More recently, restrictions on cross-site tracking of users has led to coarsening of previously available fine-grained signals which have been used to train large-scale models predicting user behavior for e.g. clicks or product preferences. Popular  mechanisms  (see Apple SKAN~\citep{skan} and Chrome Privacy sandbox~\citep{sandbox}) aggregate relevant labels for bags of users resulting in LLP training data. Due to revenue criticality of user modeling in advertising, the study of LLP specifically for such applications has gained importance. A popular baseline method to train models using training bags and their bag-labels is to minimize a bag-level loss which for any bag is some suitable loss function between the the average prediction and the bag-label (see \cite{ArdehalyC17}). Other methods using different bag-level losses have also been proposed (e.g. \cite{OT,fast-llp}) for training models in the LLP setting.

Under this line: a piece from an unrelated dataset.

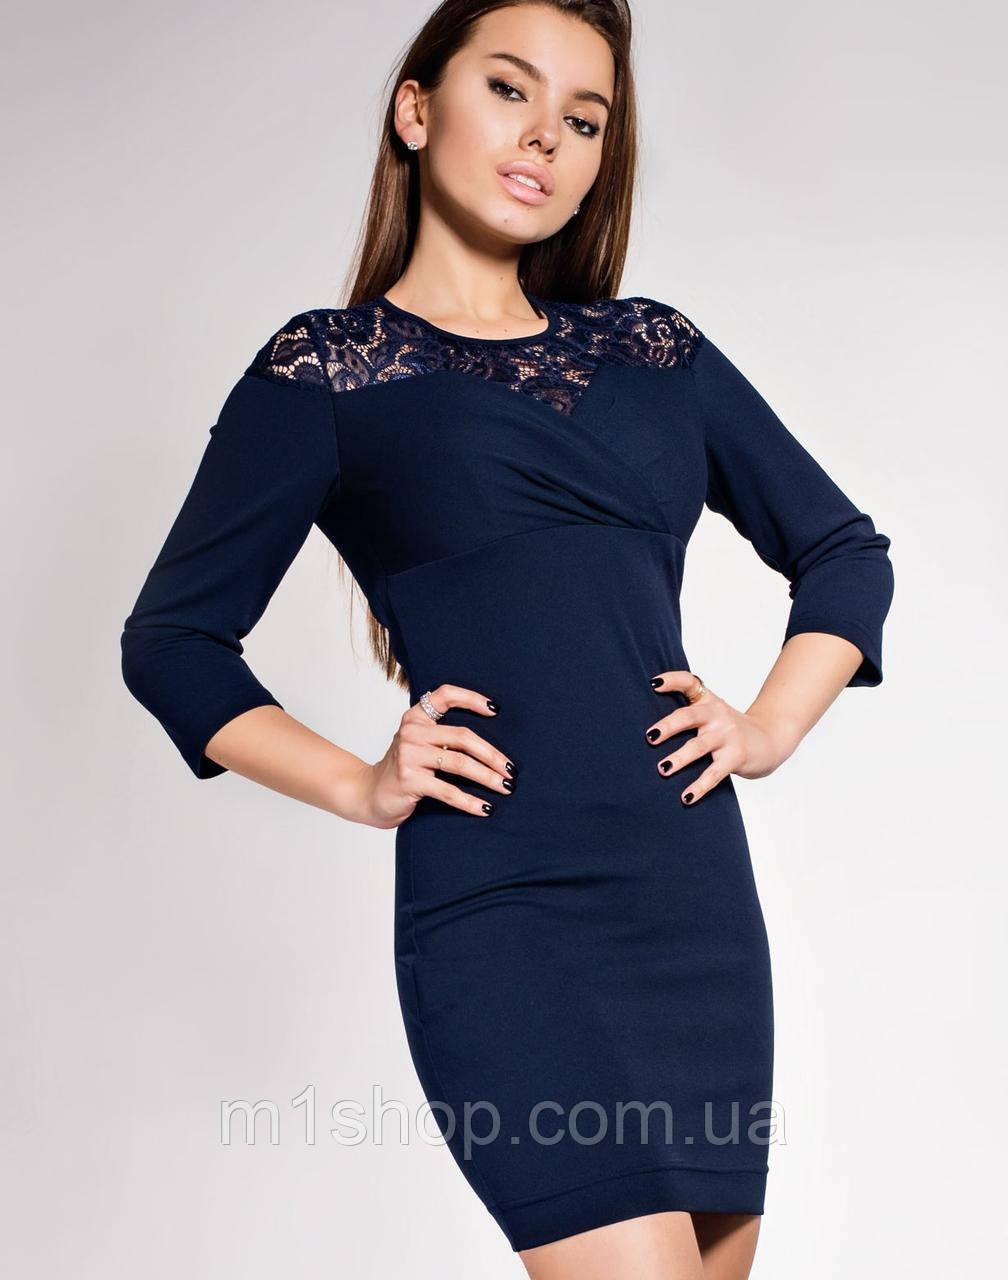 Женское платье-мини с гипюром (Картье jd)
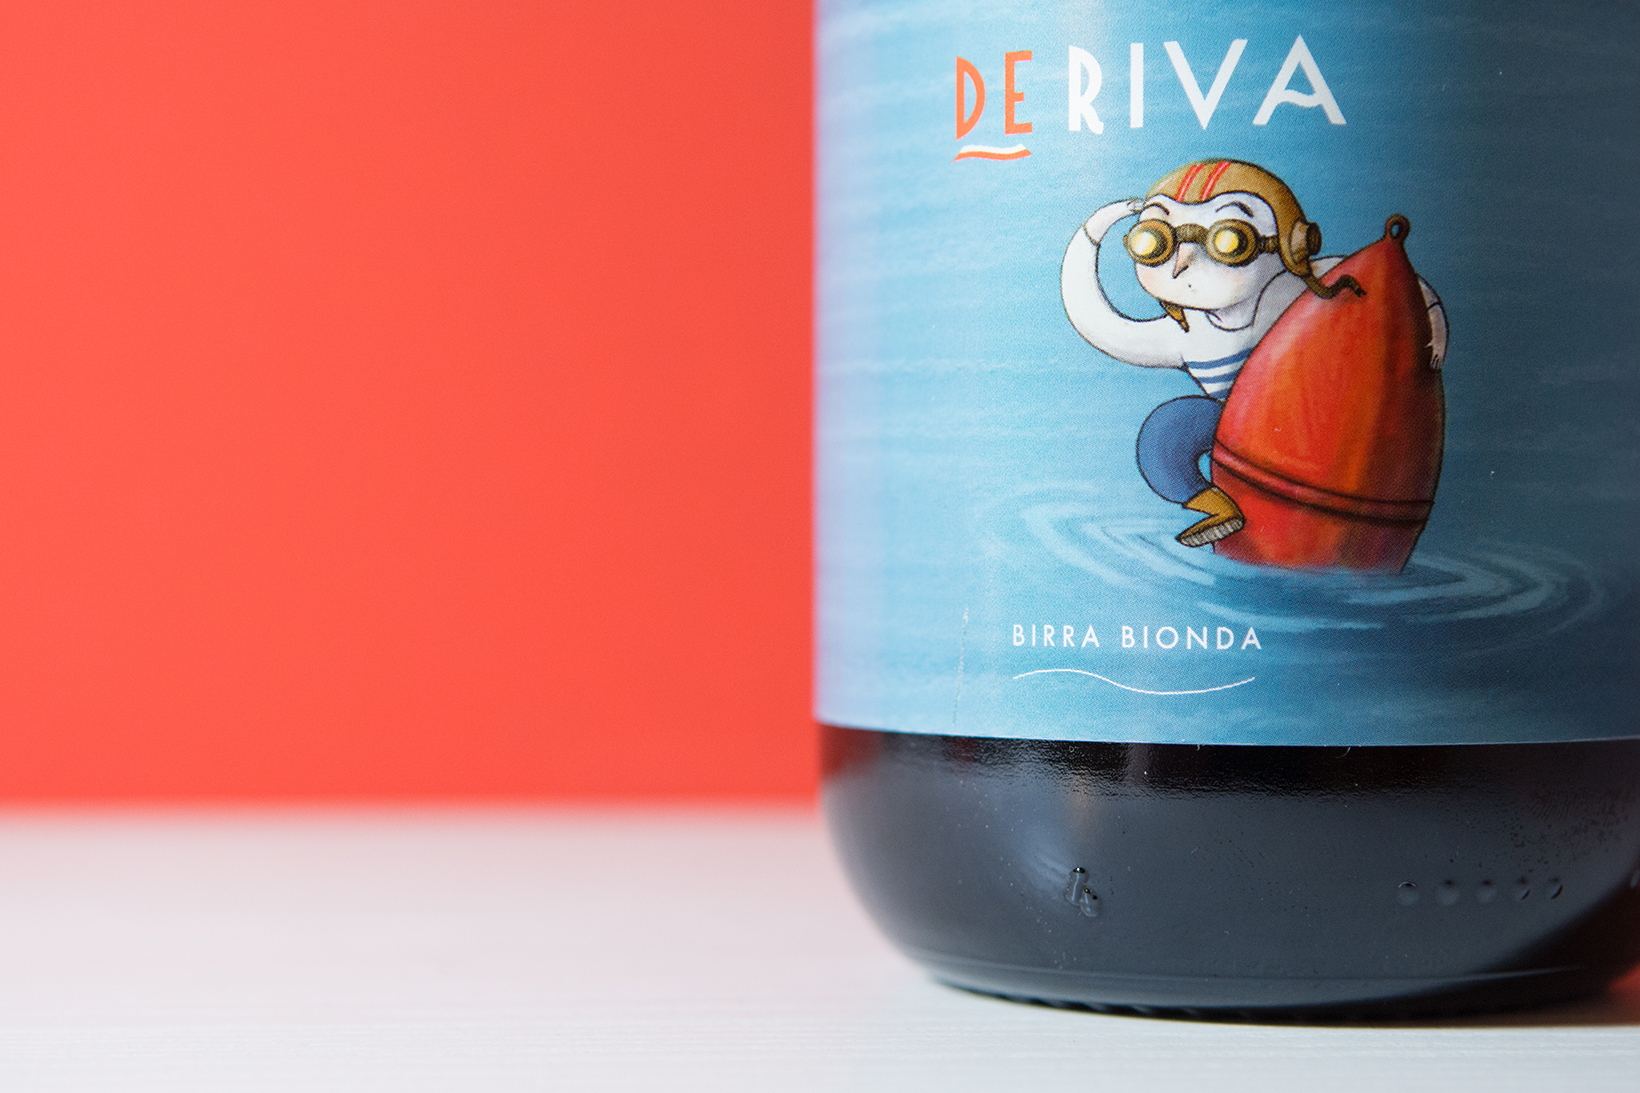 deriva_dettaglio bottiglia

One aspect of data in real-world applications is its heterogeneity, which introduces new aspects to the vanilla LLP modeling formulation. In particular, apart from bag-level data from the \textit{target} distribution, the learner may have access to instance labels from a covariate-shifted \emph{source} distribution. For example, in  user behavior modeling for online advertising, while bag-level aggregate labels could be available for a target set of (privacy sensitive) users as mentioned above, other users may choose to share browsing and purchase history, which would yield covariate-shifted source data with instance-level labels. This is also mentioned in Section 2.1 of \cite{obrien2022challengesapproachesprivacypreserving} which states: ``\emph{.. some platforms may continue to allow conversion tracking, and some users may also choose to allow conversion tracking , the training set is likely to contain some examples with individual labels and some examples with only group labels''}.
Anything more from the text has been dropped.